§ **Task instructions**
Please retype the data below line for line and leave out every picture.

§ **Source material**

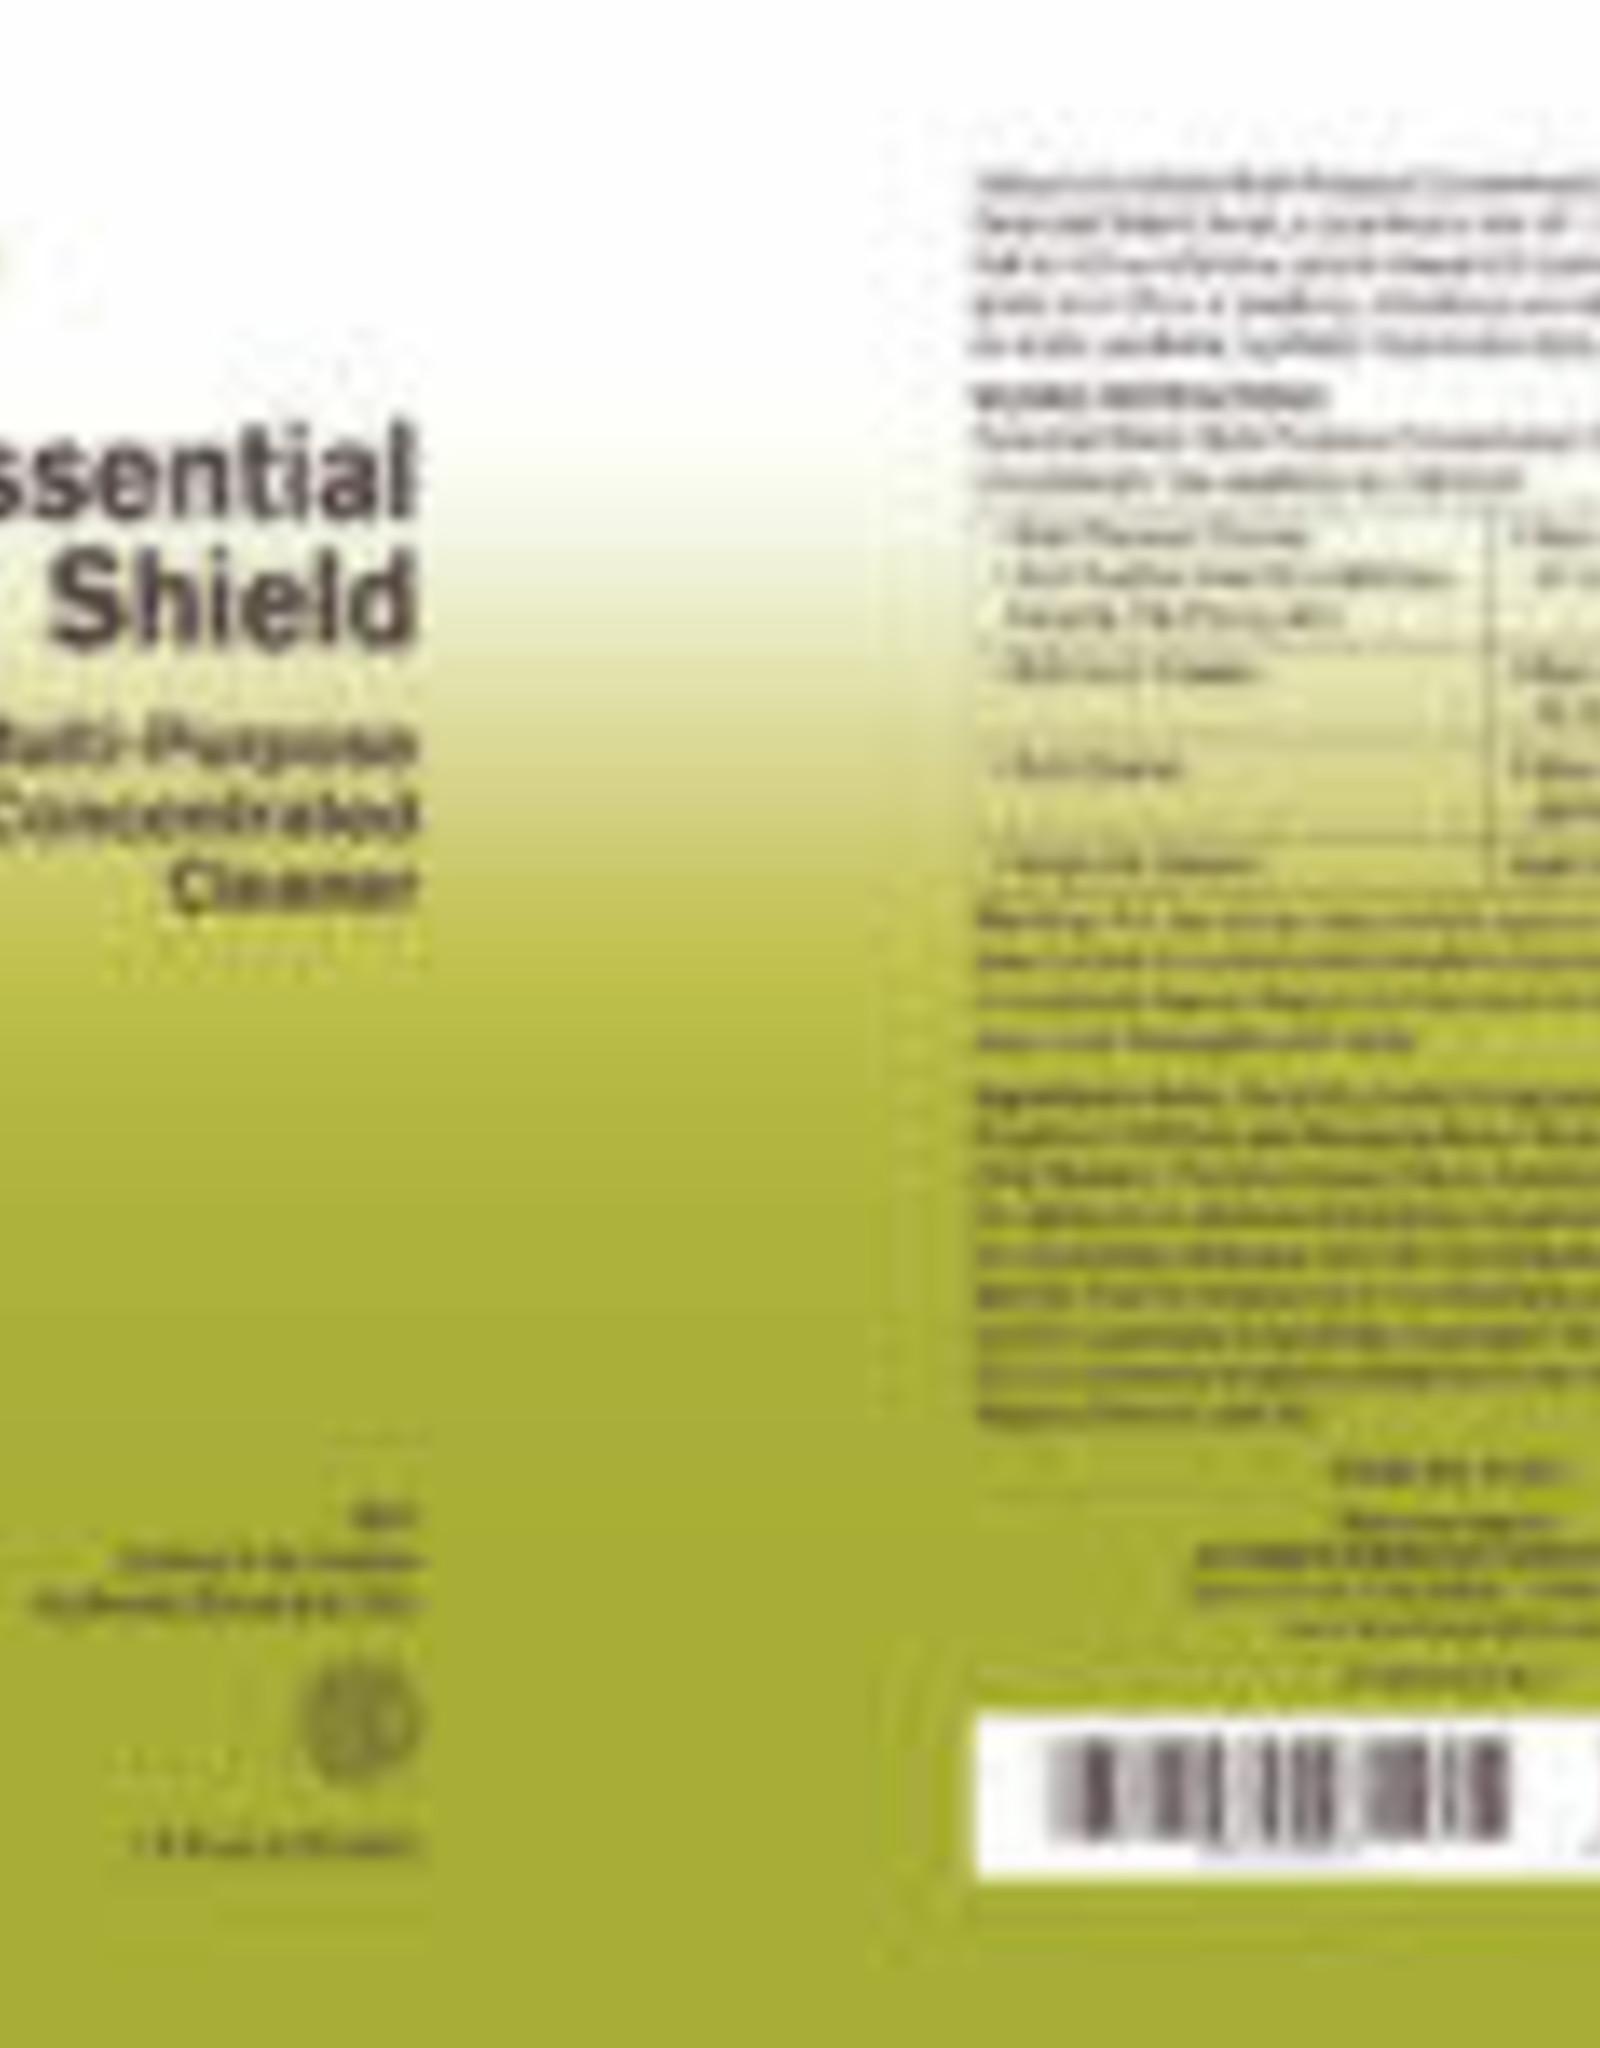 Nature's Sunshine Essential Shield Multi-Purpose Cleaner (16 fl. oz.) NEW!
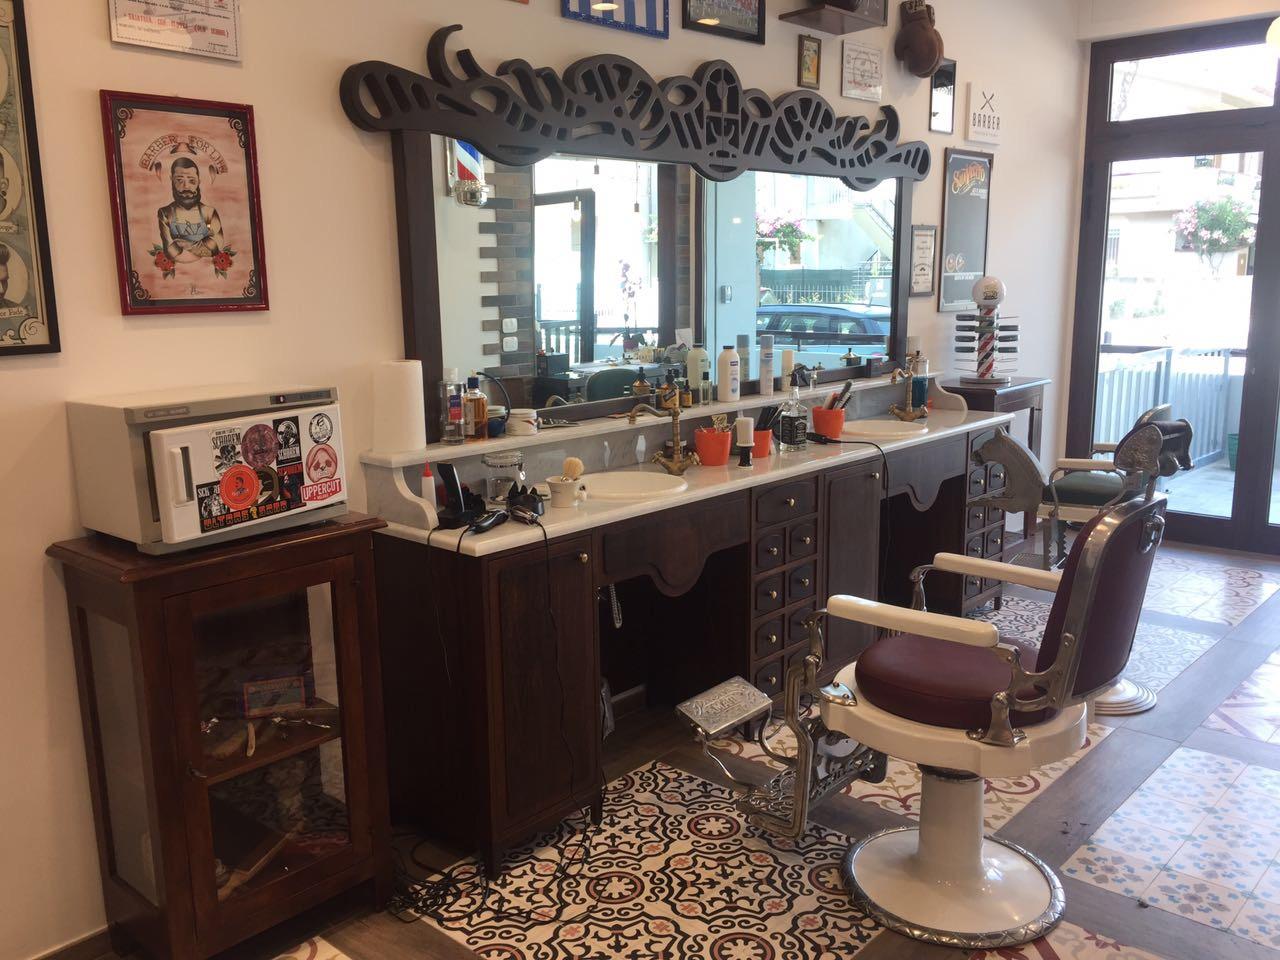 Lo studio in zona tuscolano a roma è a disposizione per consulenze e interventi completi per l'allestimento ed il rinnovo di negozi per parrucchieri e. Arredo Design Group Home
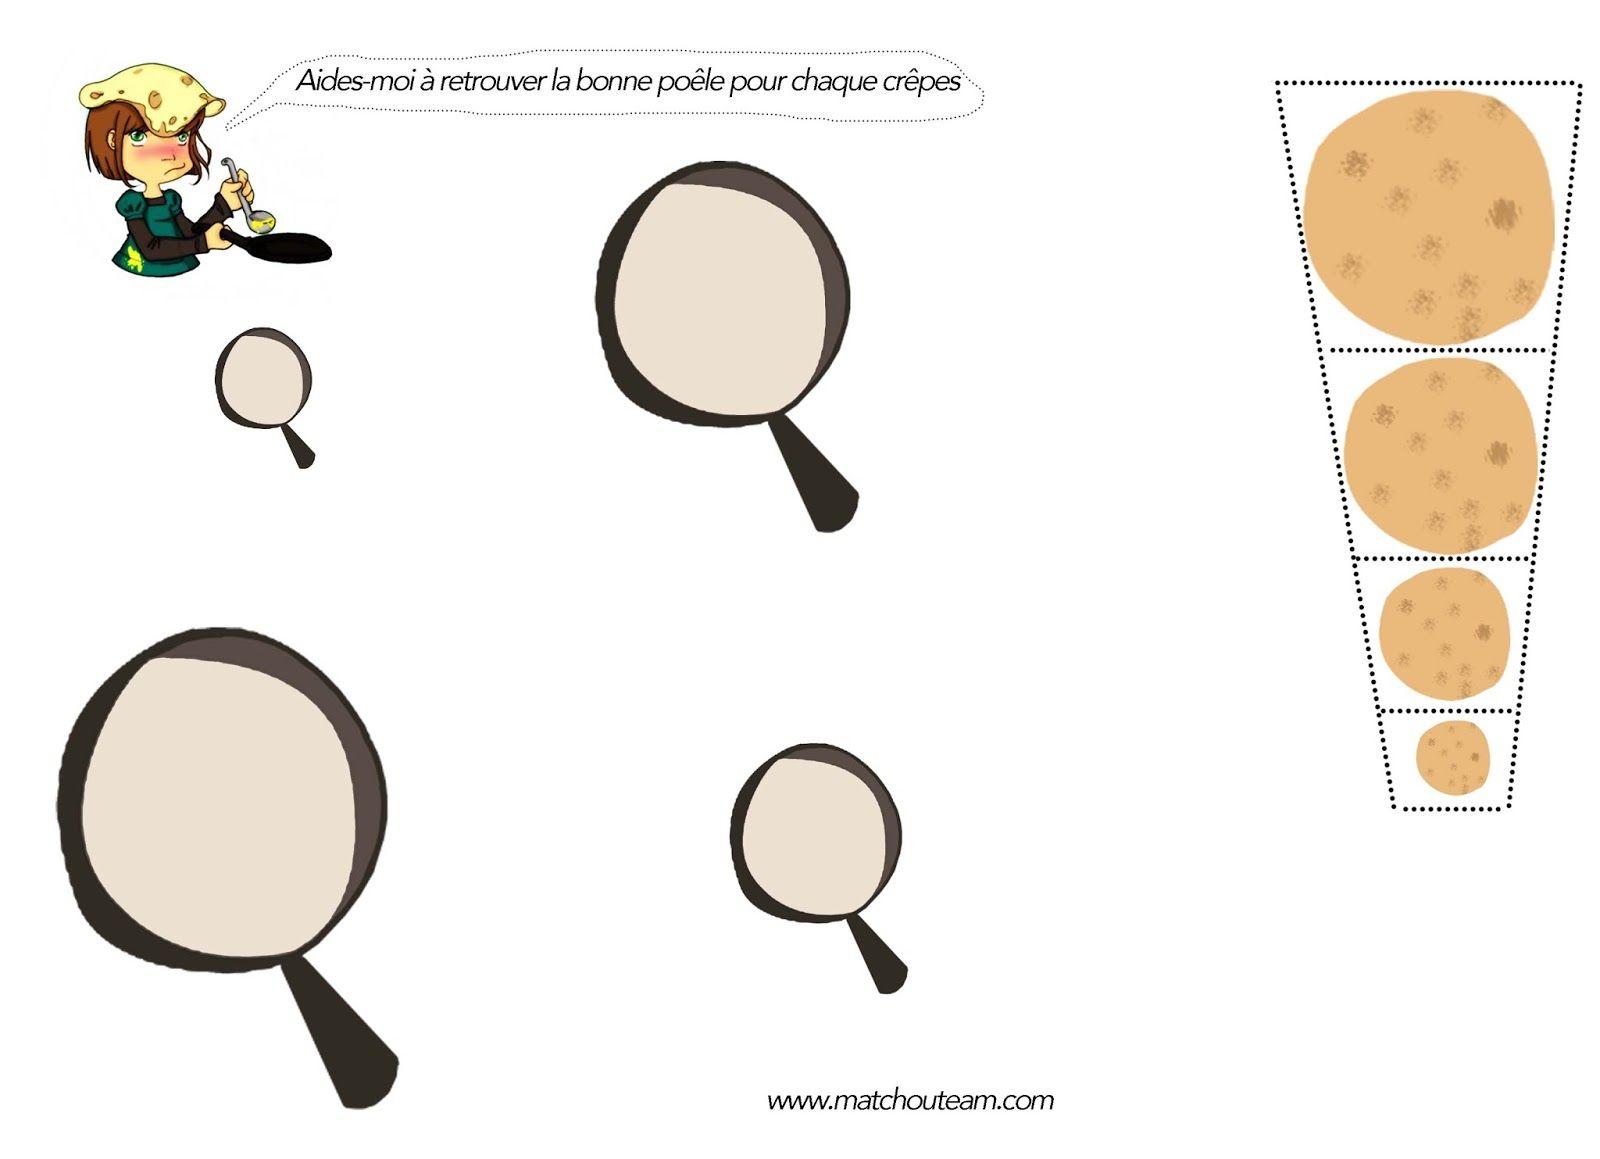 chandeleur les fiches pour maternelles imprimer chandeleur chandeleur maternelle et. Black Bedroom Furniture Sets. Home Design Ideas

§ **Answer section**
 Nature's Sunshine Essential Shield Multi-Purpose Cleaner (16 fl. oz.) NEW!
 Lo studio in zona tuscolano a roma è a disposizione per consulenze e interventi completi per l'allestimento ed il rinnovo di negozi per parrucchieri e. Arredo Design Group Home
 chandeleur les fiches pour maternelles imprimer chandeleur chandeleur maternelle et. Black Bedroom Furniture Sets. Home Design Ideas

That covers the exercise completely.